WHAT THIS TASK INVOLVES:
Only the lines below from the one that contains "Peoria logo" through the one that contains "Раскраска Снегурочка с" should appear in your answer, exact and without pictures.

SUPPLIED MATERIAL:
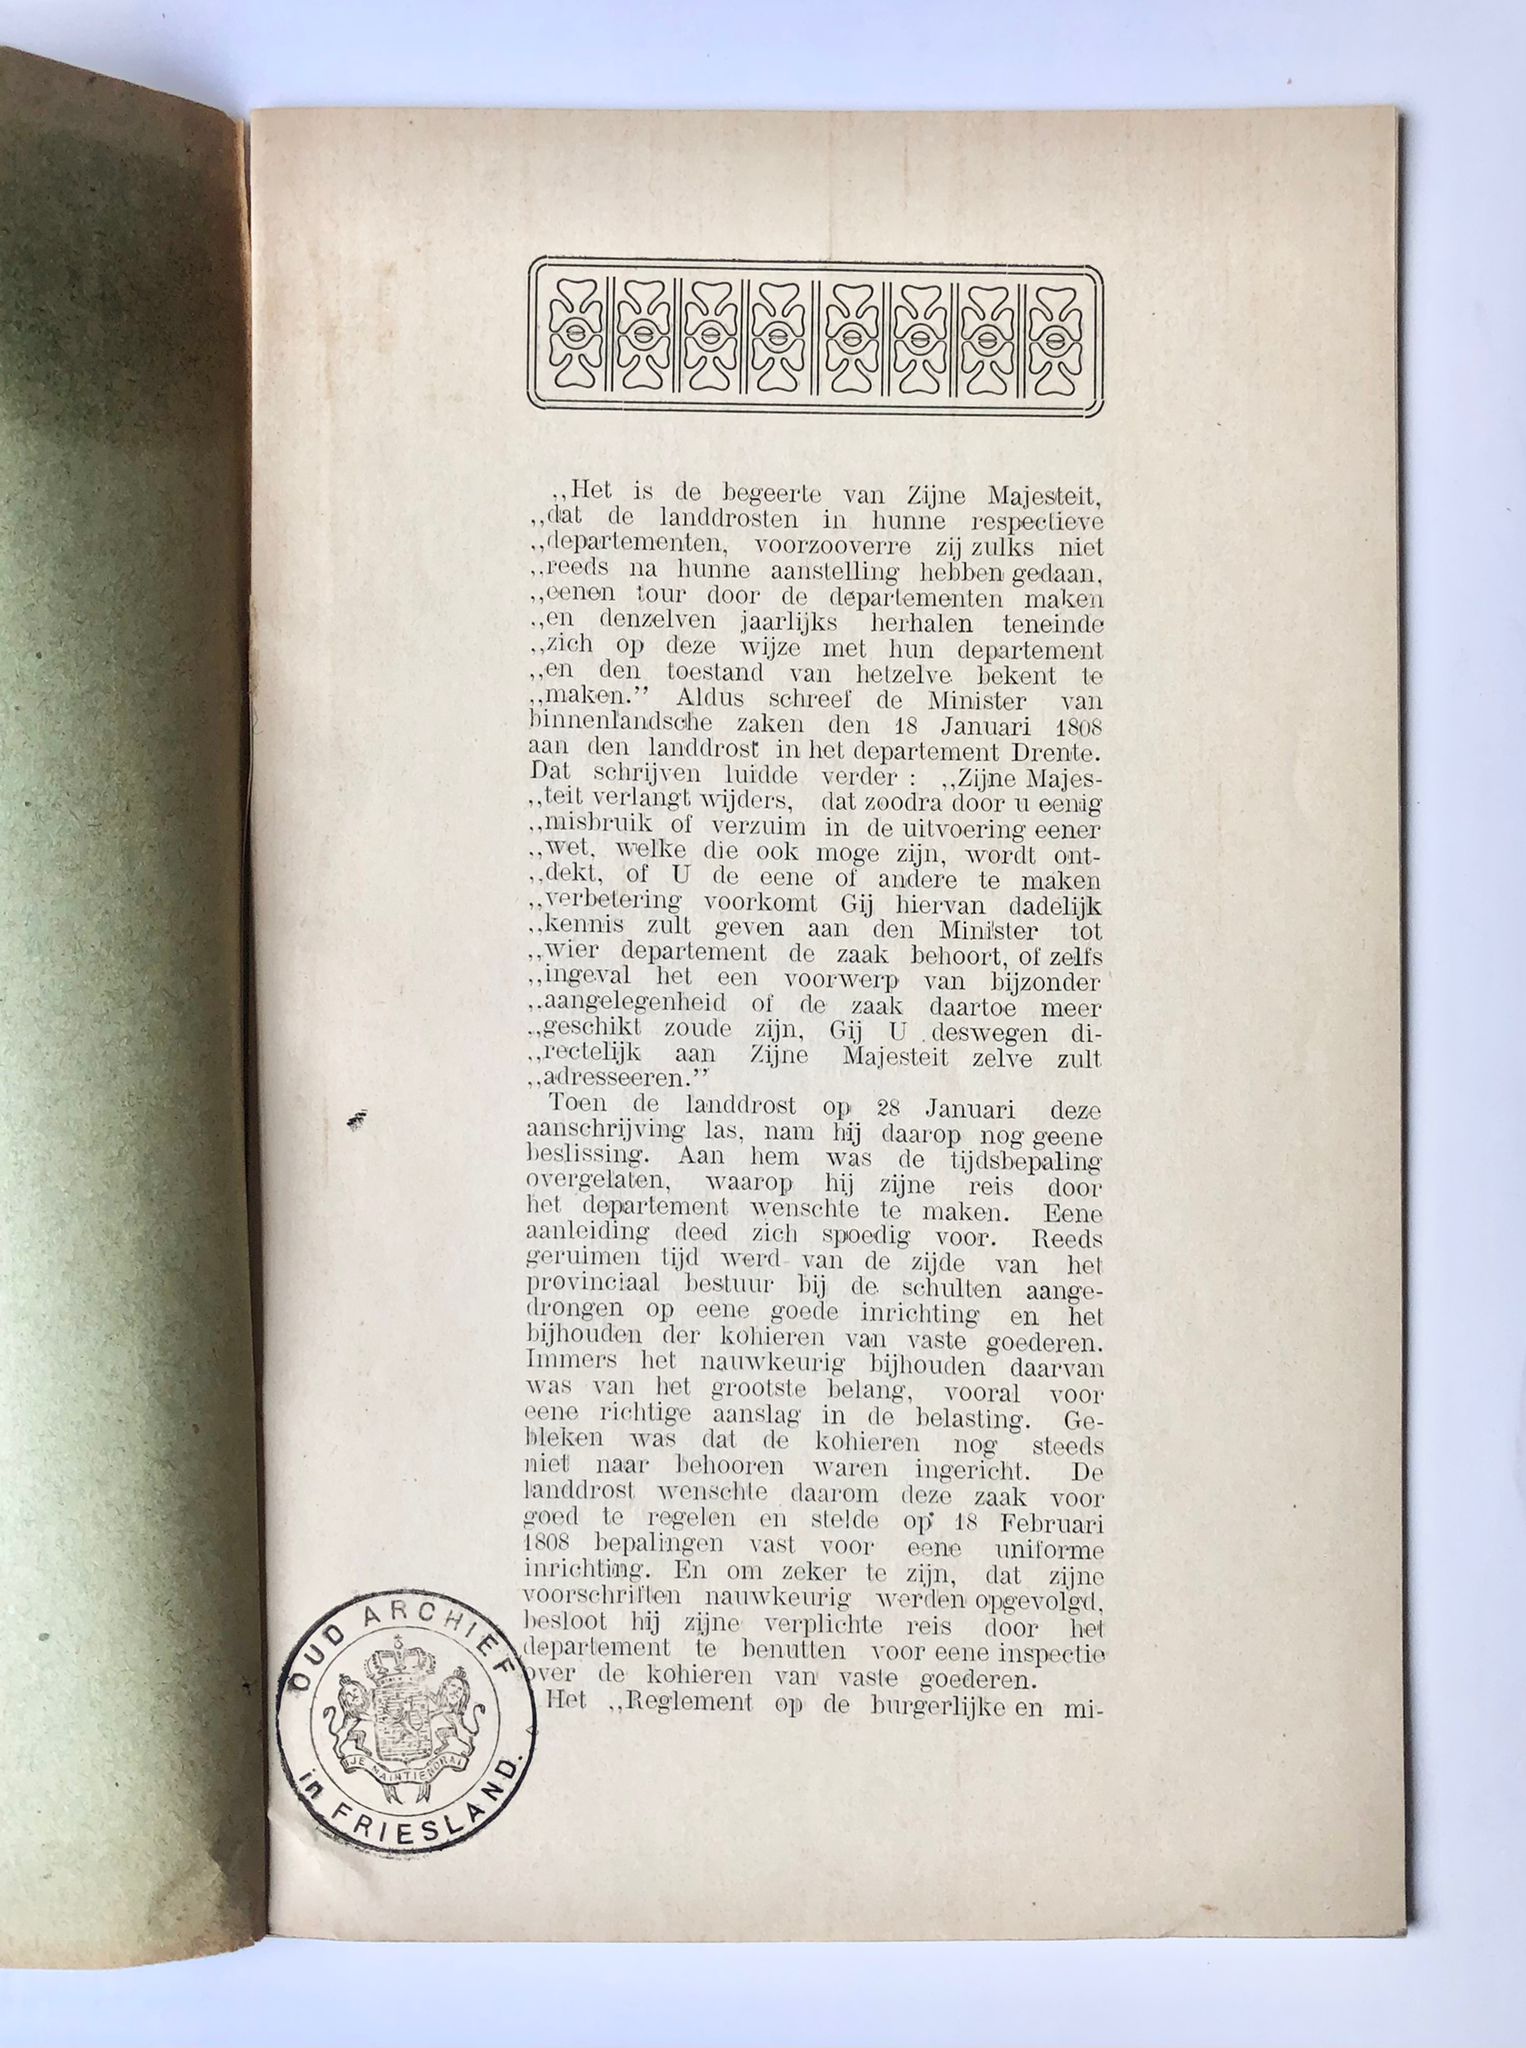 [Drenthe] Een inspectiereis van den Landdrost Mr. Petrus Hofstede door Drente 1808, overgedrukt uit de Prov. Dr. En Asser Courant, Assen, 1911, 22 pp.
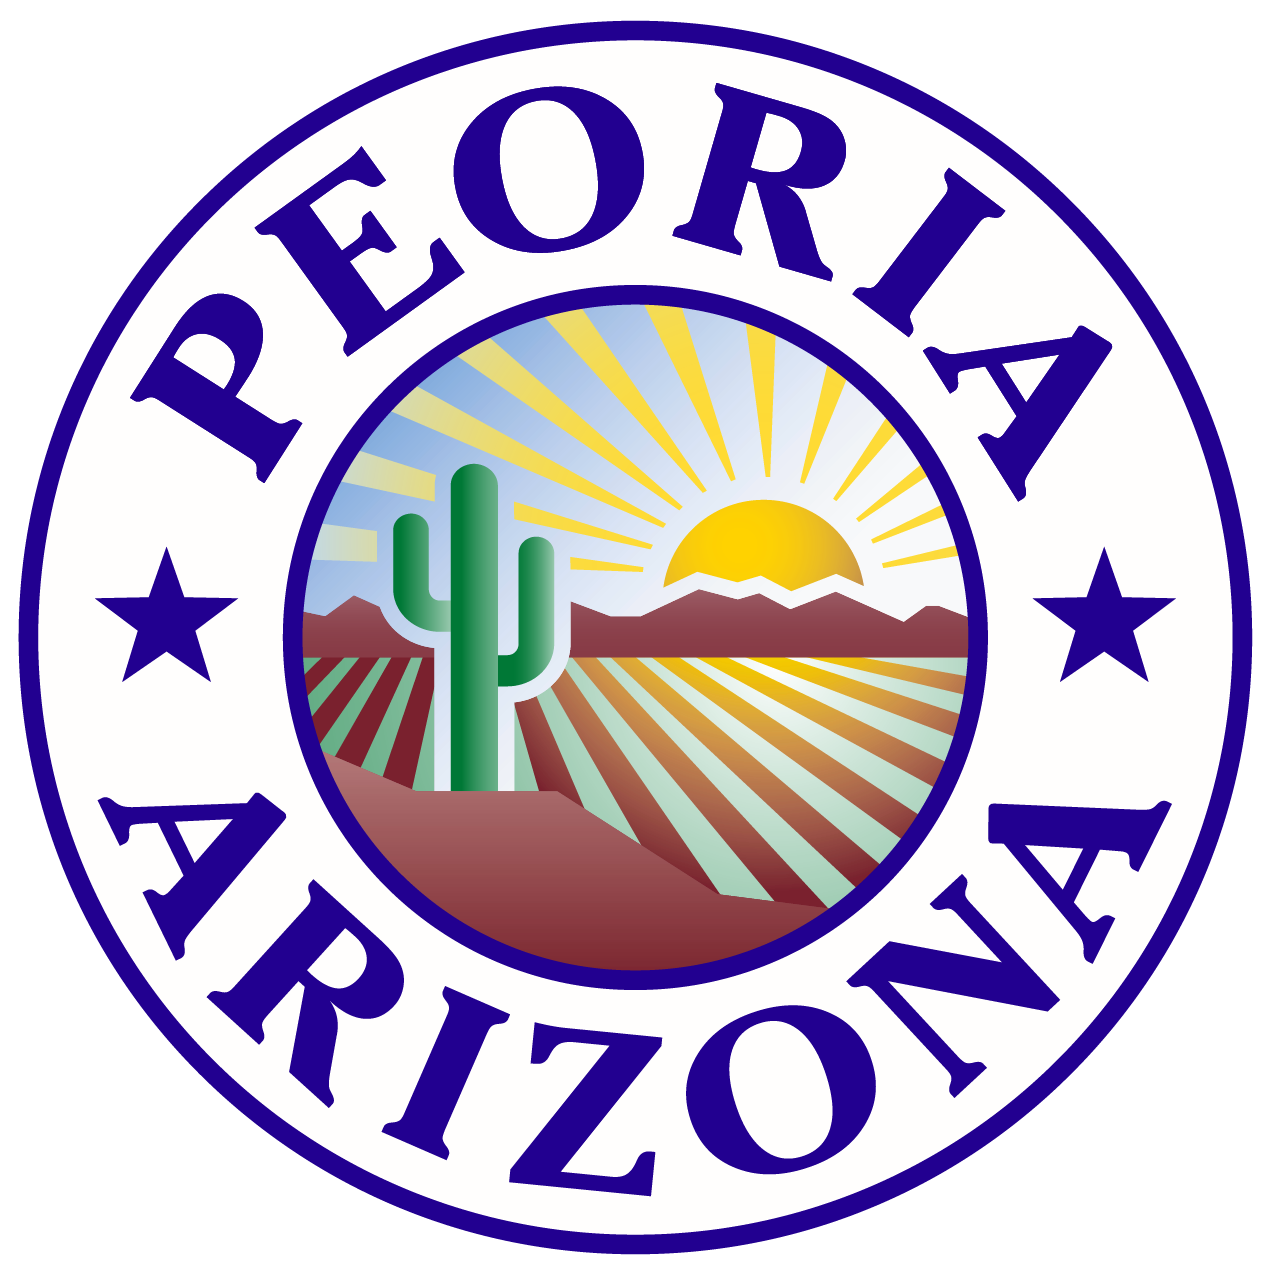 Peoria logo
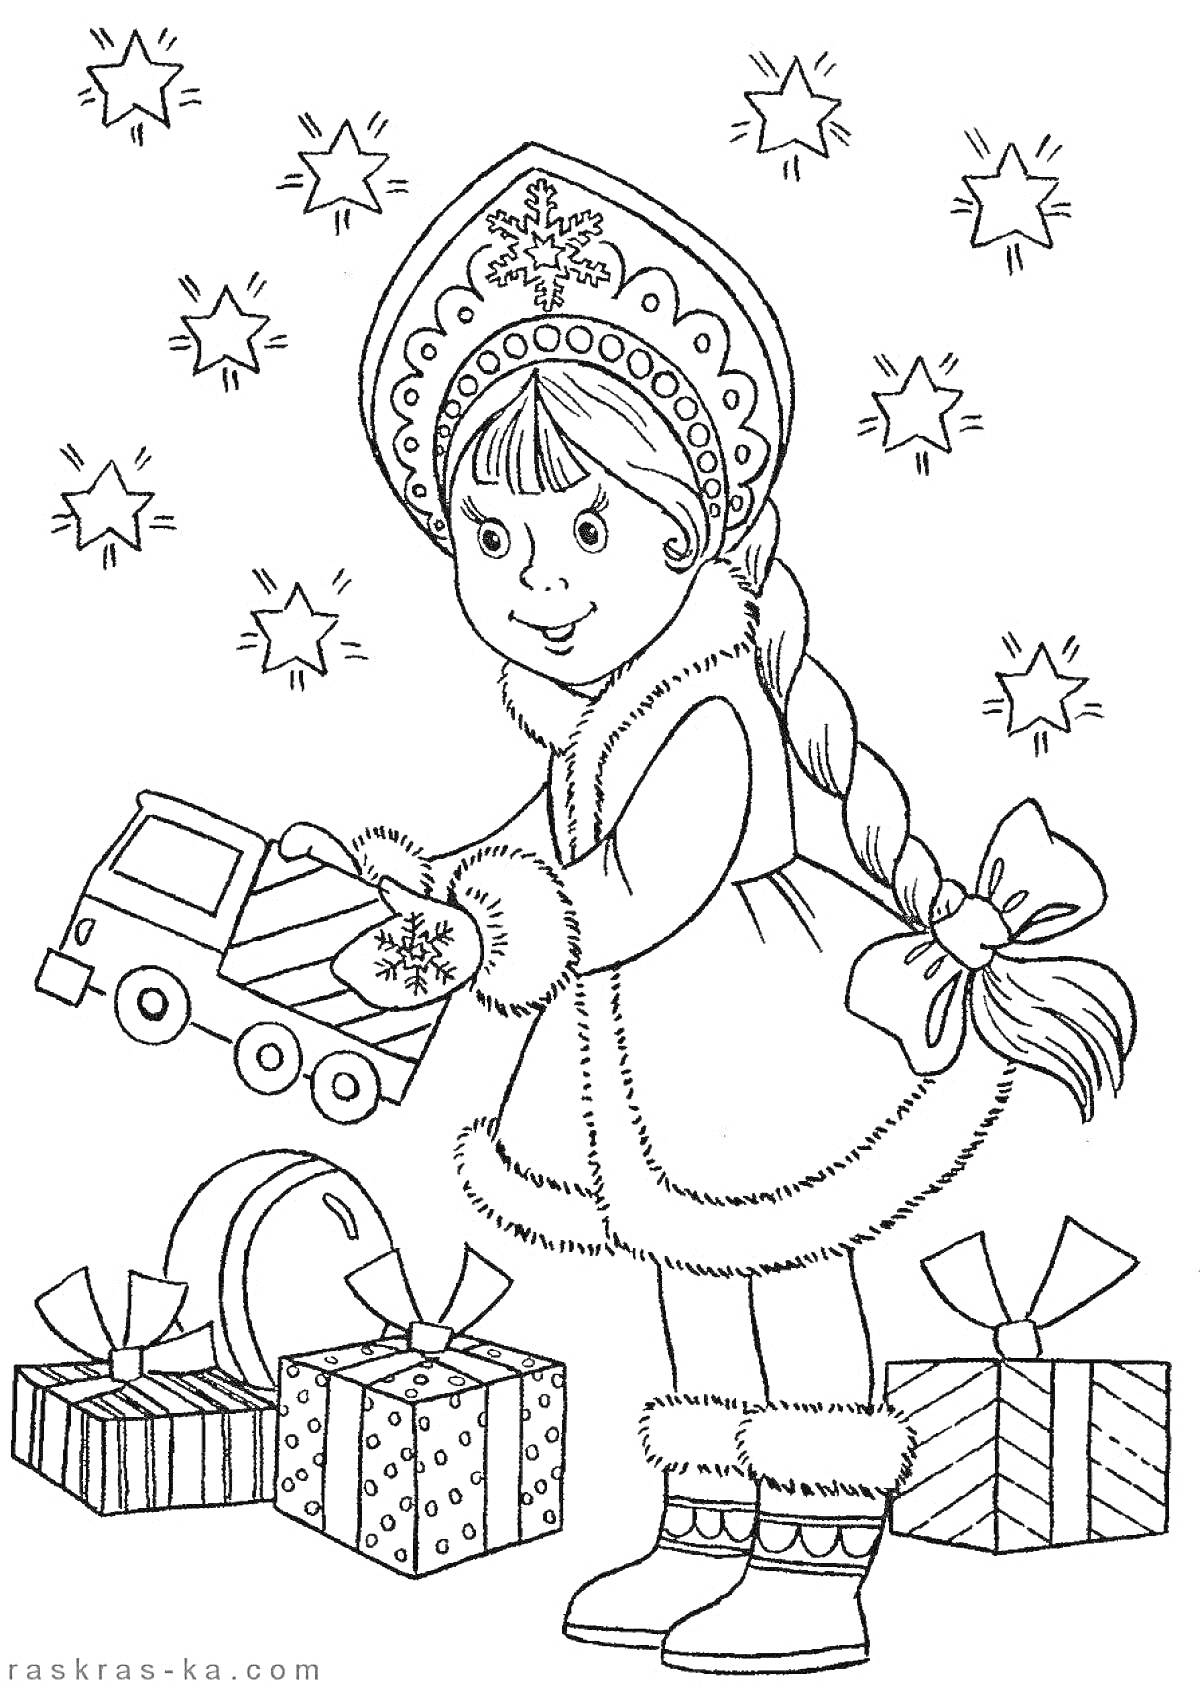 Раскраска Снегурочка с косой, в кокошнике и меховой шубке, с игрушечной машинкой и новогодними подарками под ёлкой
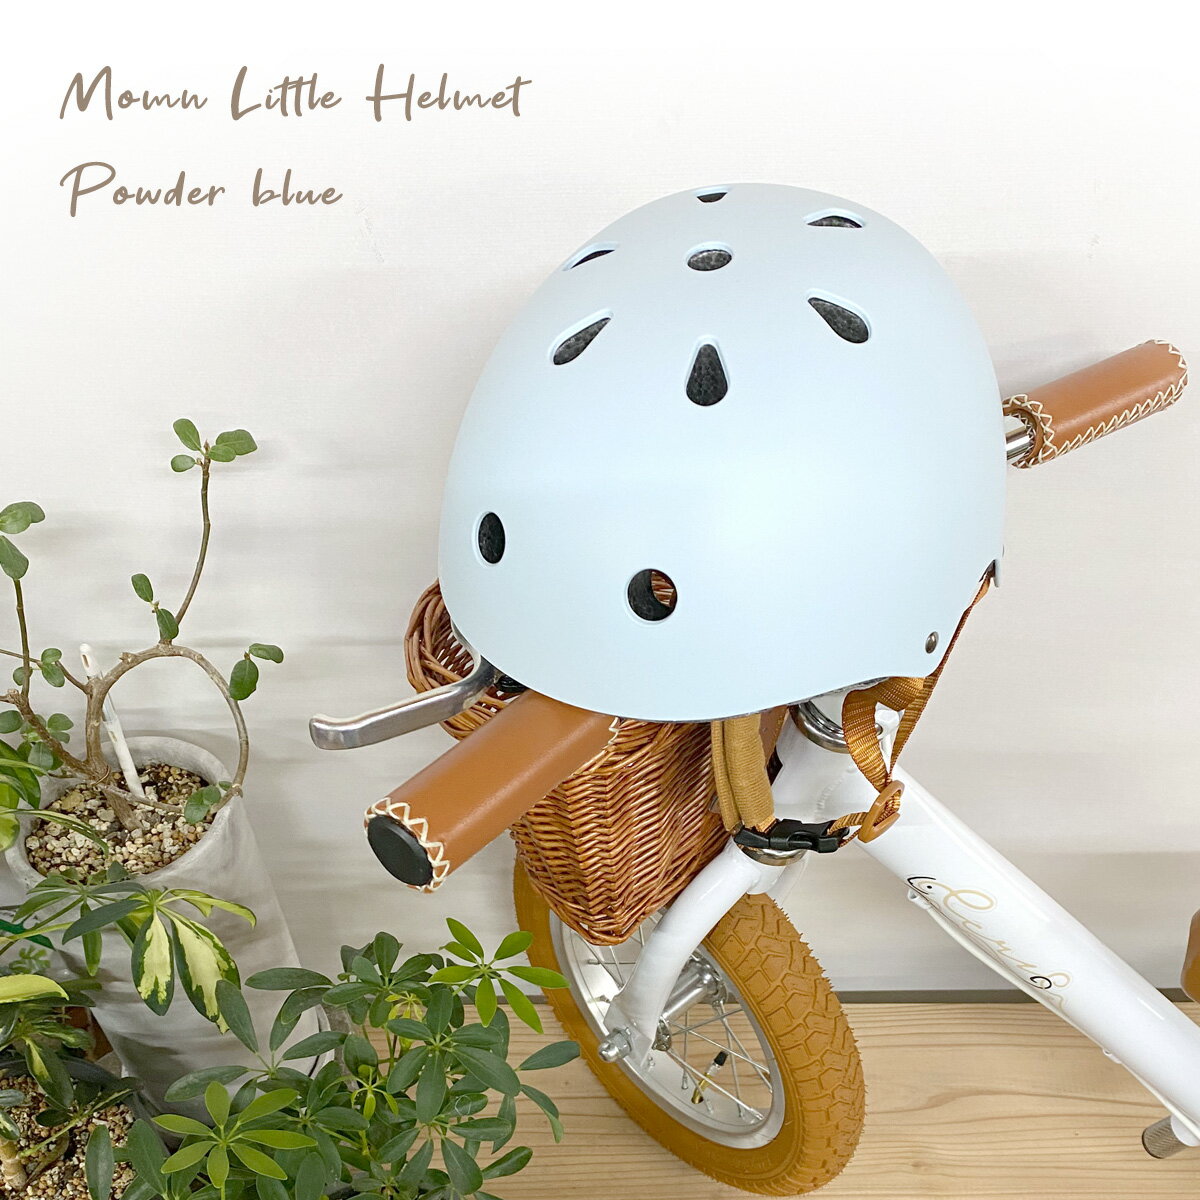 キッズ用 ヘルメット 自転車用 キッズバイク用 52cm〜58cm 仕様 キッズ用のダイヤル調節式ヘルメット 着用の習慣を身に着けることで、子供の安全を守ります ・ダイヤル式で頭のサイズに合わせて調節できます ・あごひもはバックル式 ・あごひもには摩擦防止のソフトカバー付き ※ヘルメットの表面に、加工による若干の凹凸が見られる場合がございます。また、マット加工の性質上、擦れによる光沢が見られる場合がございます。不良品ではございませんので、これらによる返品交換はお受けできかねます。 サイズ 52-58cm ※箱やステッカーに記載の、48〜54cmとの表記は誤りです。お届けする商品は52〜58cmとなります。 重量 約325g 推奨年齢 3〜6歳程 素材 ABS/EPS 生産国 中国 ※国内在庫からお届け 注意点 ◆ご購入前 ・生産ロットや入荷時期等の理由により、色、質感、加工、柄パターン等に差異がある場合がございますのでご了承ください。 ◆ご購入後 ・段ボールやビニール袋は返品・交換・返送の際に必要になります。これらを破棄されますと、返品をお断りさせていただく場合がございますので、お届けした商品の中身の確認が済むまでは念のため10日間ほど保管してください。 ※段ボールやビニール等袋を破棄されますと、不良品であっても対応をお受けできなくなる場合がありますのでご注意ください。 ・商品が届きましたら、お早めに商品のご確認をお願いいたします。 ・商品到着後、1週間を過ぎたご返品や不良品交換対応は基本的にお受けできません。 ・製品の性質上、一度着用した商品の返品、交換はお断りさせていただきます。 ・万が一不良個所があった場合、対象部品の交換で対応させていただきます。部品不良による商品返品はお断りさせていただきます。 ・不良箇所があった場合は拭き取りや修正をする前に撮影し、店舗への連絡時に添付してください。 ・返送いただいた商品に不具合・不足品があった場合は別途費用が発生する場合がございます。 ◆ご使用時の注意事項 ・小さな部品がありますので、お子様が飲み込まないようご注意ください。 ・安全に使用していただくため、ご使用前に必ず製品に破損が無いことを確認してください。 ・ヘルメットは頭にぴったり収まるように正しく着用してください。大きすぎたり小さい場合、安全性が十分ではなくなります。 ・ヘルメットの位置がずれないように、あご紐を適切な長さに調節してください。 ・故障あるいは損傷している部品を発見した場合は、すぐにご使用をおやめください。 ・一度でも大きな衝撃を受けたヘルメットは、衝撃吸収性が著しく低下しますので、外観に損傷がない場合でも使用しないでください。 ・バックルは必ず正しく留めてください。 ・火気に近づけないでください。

ANSWER SPACE:
 Peoria logo
 Раскраска Снегурочка с косой, в кокошнике и меховой шубке, с игрушечной машинкой и новогодними подарками под ёлкой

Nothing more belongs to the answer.